- Born: December 1985 (age 40) Herat, Afghanistan
- Education: Herat University (Persian literature)
- Occupations: Educator, women's rights advocate
- Known for: Founder of the Herat Online School and Afghanistan Education Action
- Children: 3
- Awards: BBC 100 Women (2021)

= Angela Ghayour =

Afghan educator and advocate

Angela Ghayour is an Afghan educator and advocate for women's rights. After facing challenges with formal education as a child refugee in Iran, she began teaching literacy and numeracy to other refugee children. She founded Afghanistan Education Action.

== Early life and education ==
Ghayour was born in Herat, Afghanistan, in December 1985, and faced challenges with formal education during her early years as a refugee in Iran. The family left Afghanistan in 1992, at the start of the country's civil war. From around the age of 13, she taught literacy and numeracy to other Afghan refugee children in the garden of her father, who worked as a gardener.

After returning to Afghanistan in 2002, she pursued higher education at Herat University, earning a degree in Persian literature.
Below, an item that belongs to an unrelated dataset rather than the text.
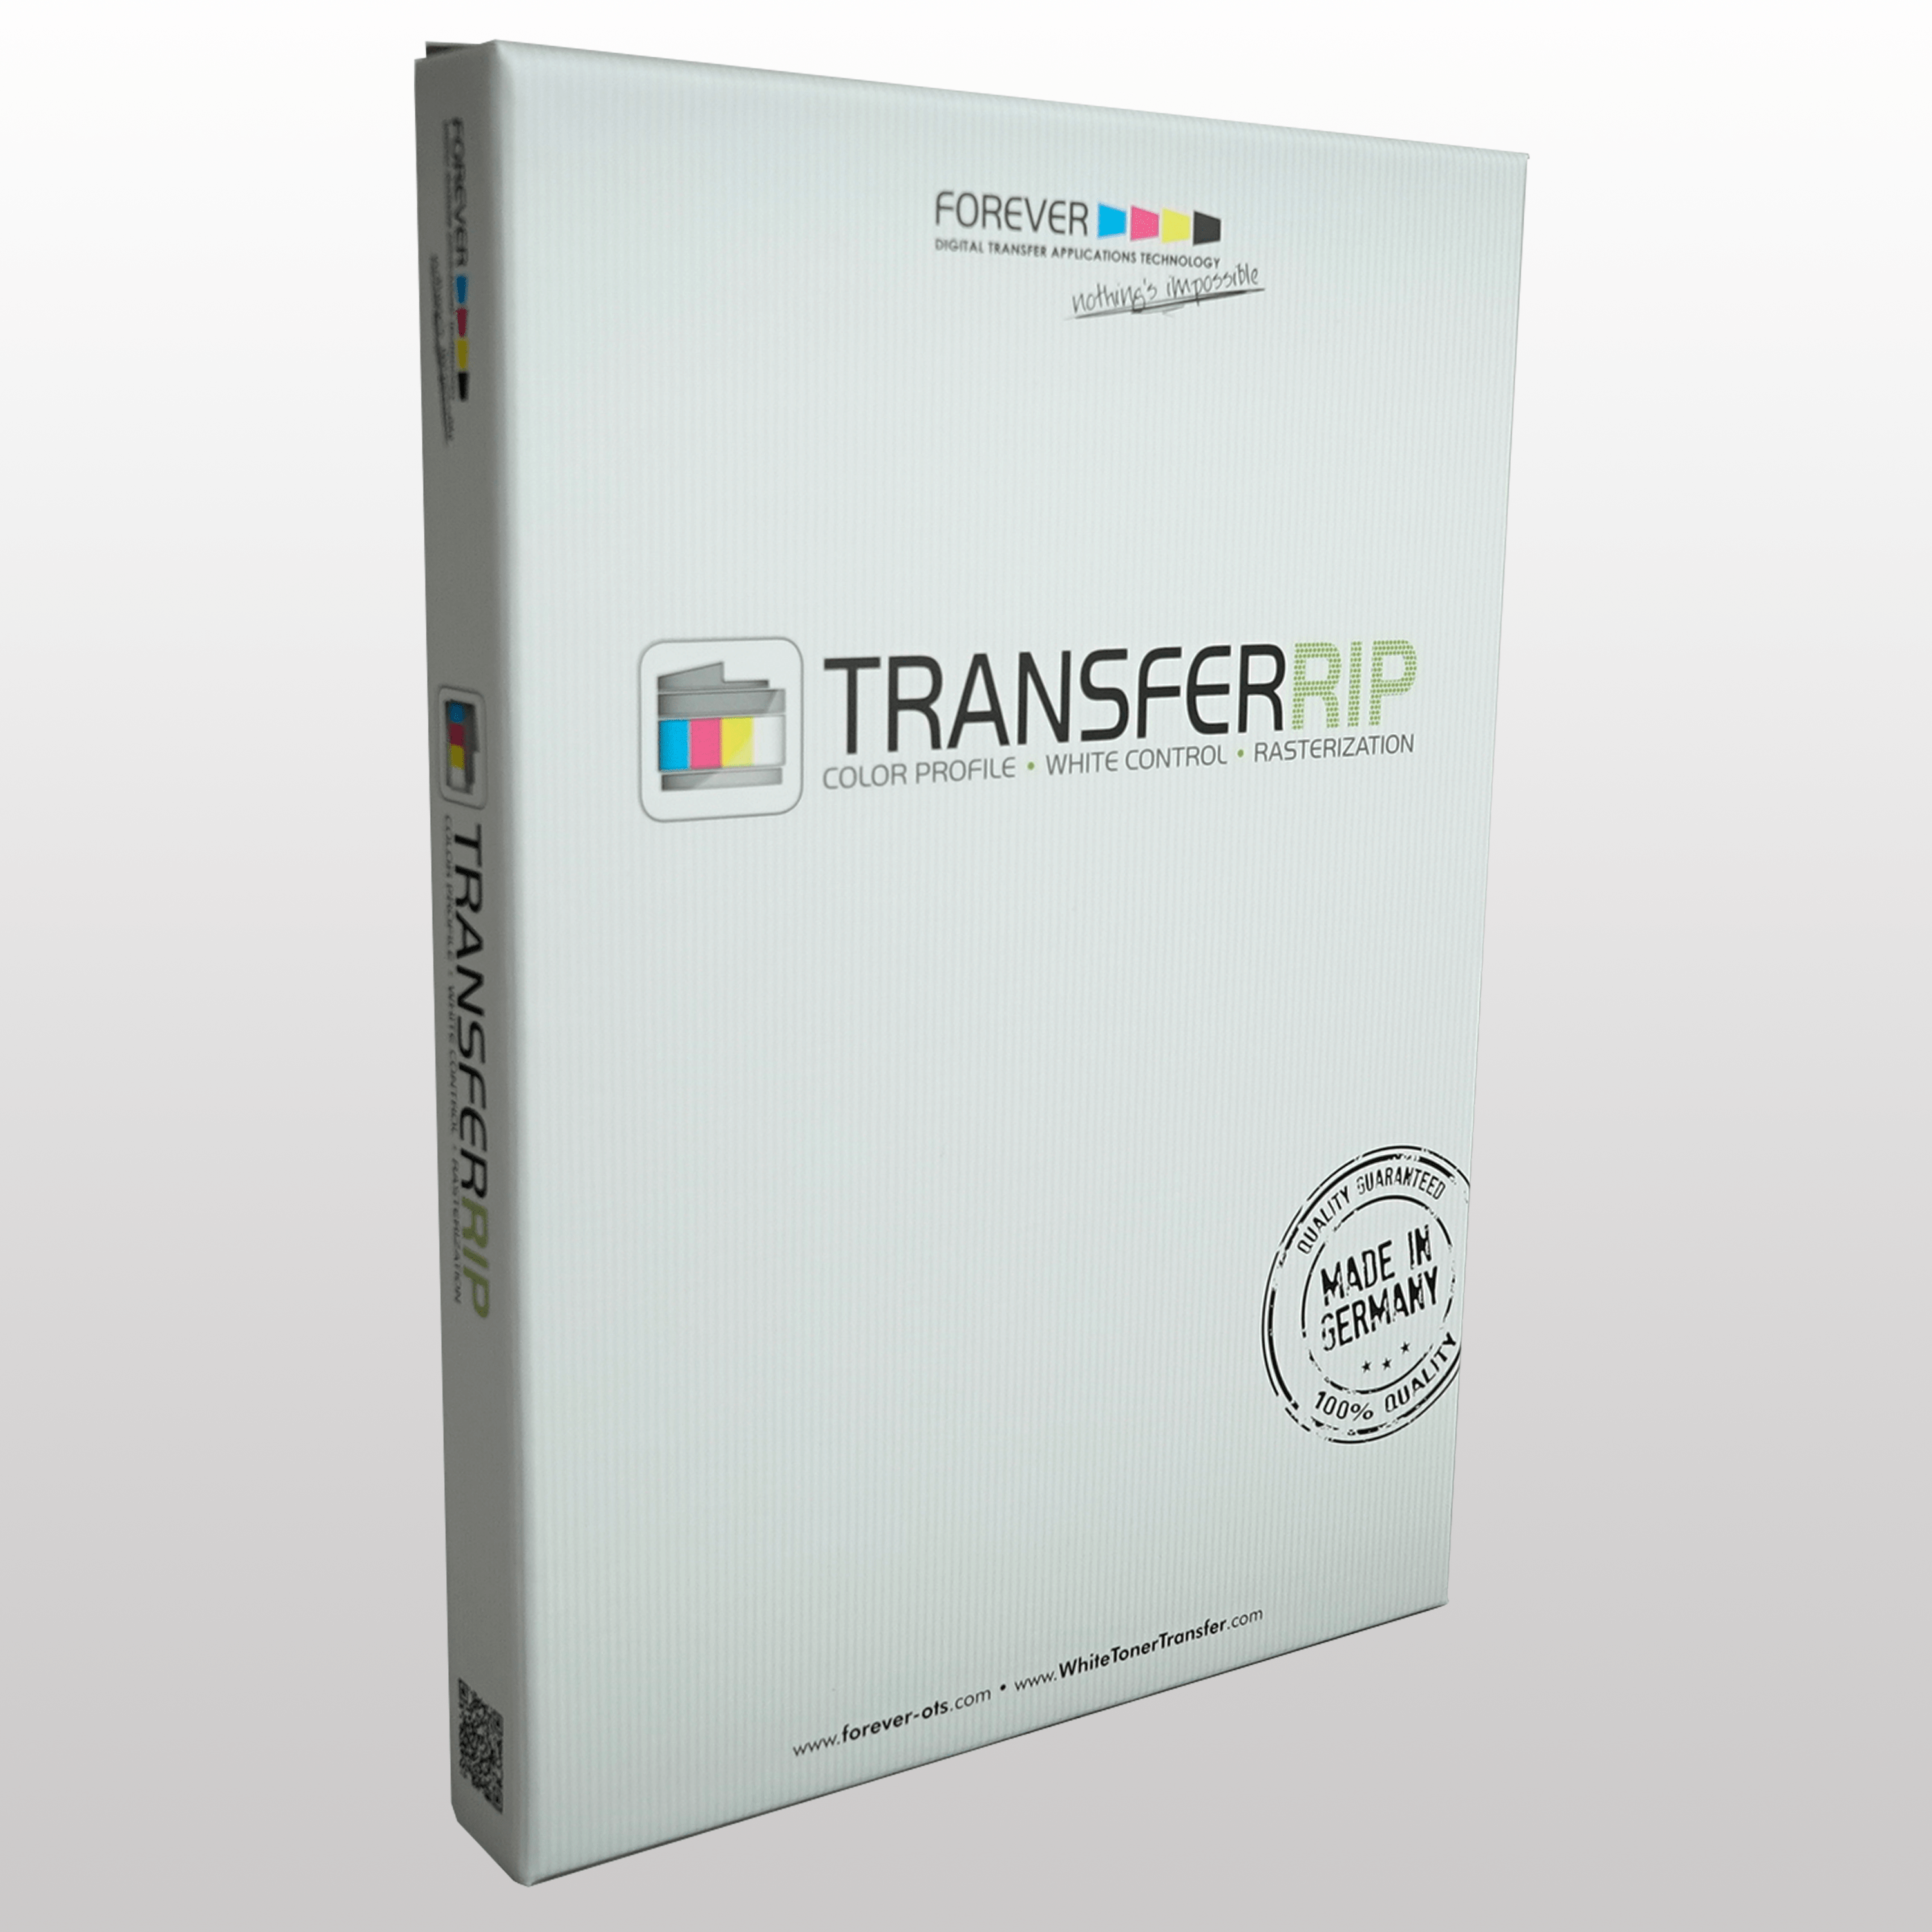 Transfer rip software for mac printing
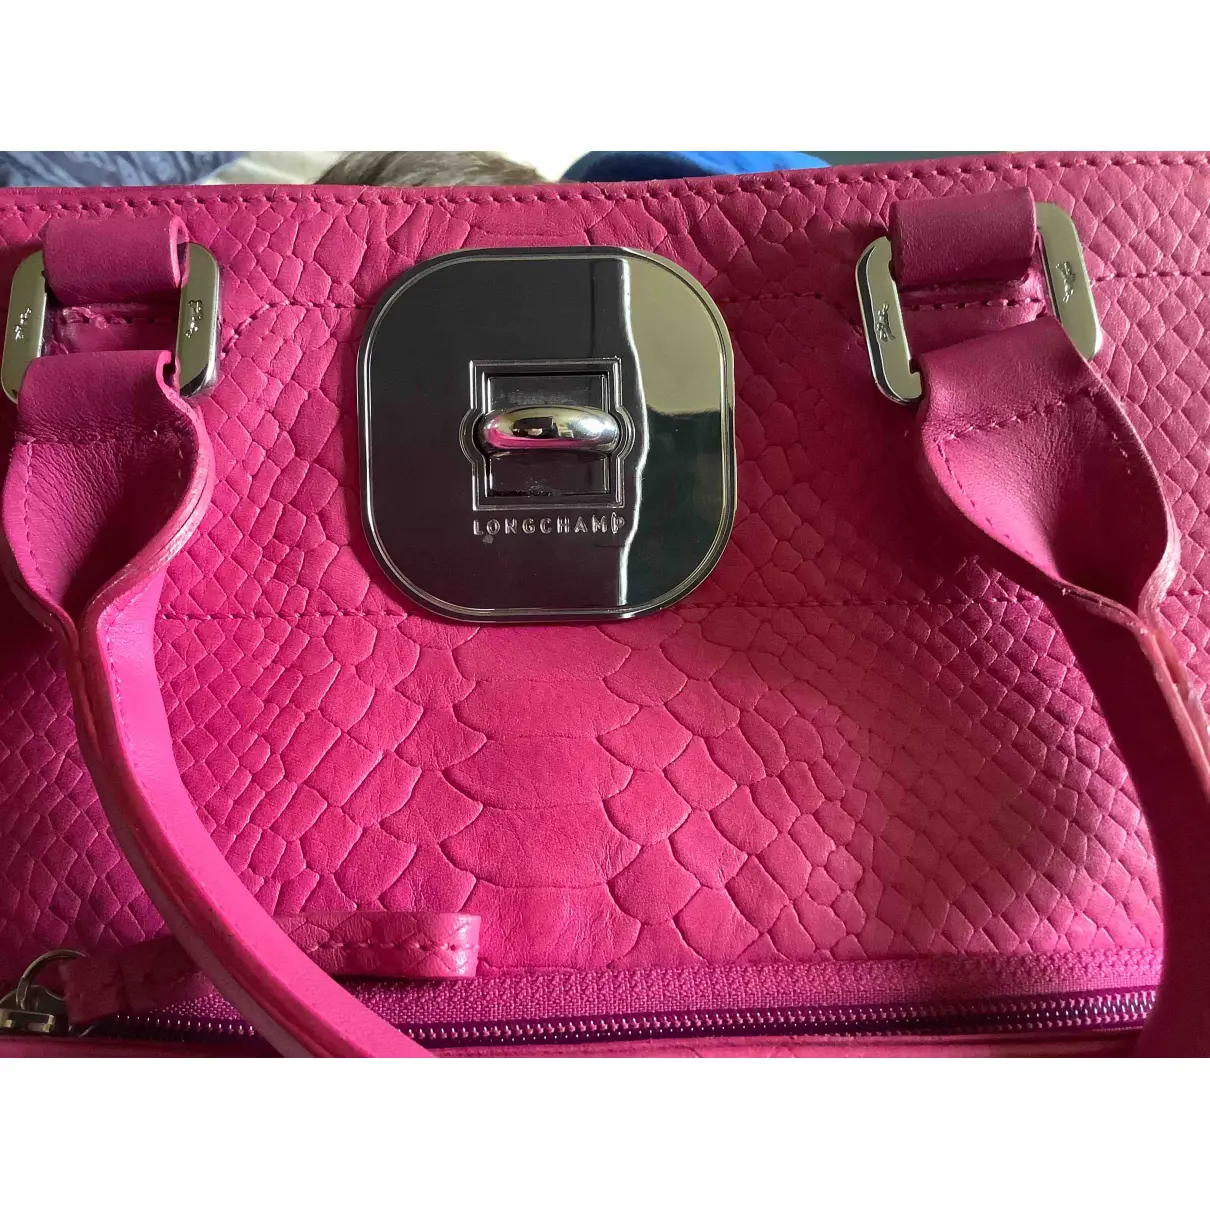 Buy Longchamp Gatsby leather handbag online

Her experiences in Afghan classrooms and the impact of the Taliban's rule on education deeply influenced her.

==Life and career==

She later moved to the Netherlands and, in 2018, settled in the United Kingdom with her three children. She lives in Brighton, where she has worked part-time as an engineering assistant alongside running her school.

Ghayour founded the Herat Online School on 16 August 2021, the day after the Taliban takeover of Kabul, using social media and Telegram to recruit volunteer teachers. The school grew from 35 students and a handful of Iran-based volunteer teachers in its first week to about 1,300 students aged 7 to 35 and more than 500 volunteer teachers, mostly Persian-speaking and based in Iran, by December 2021. Classes, held via Skype, Zoom and Telegram, covered subjects including mathematics, science, politics, economics, astronomy, music, art, sculpture, and 17 languages, alongside compulsory critical-thinking lessons. The school also enrolled around 60 male students in Afghanistan and among Afghan refugees in Iran, and arranged volunteer therapists to support students facing hardships such as poverty and forced marriage. Its motto is "the pen instead of the gun".

She later established Afghanistan Education Action (AEA), a UK-based charity. AEA provides educational resources and access to quality education, empowering Afghan girls and women despite ongoing challenges.

In 2021, she was recognized by the BBC as one of their 100 Women.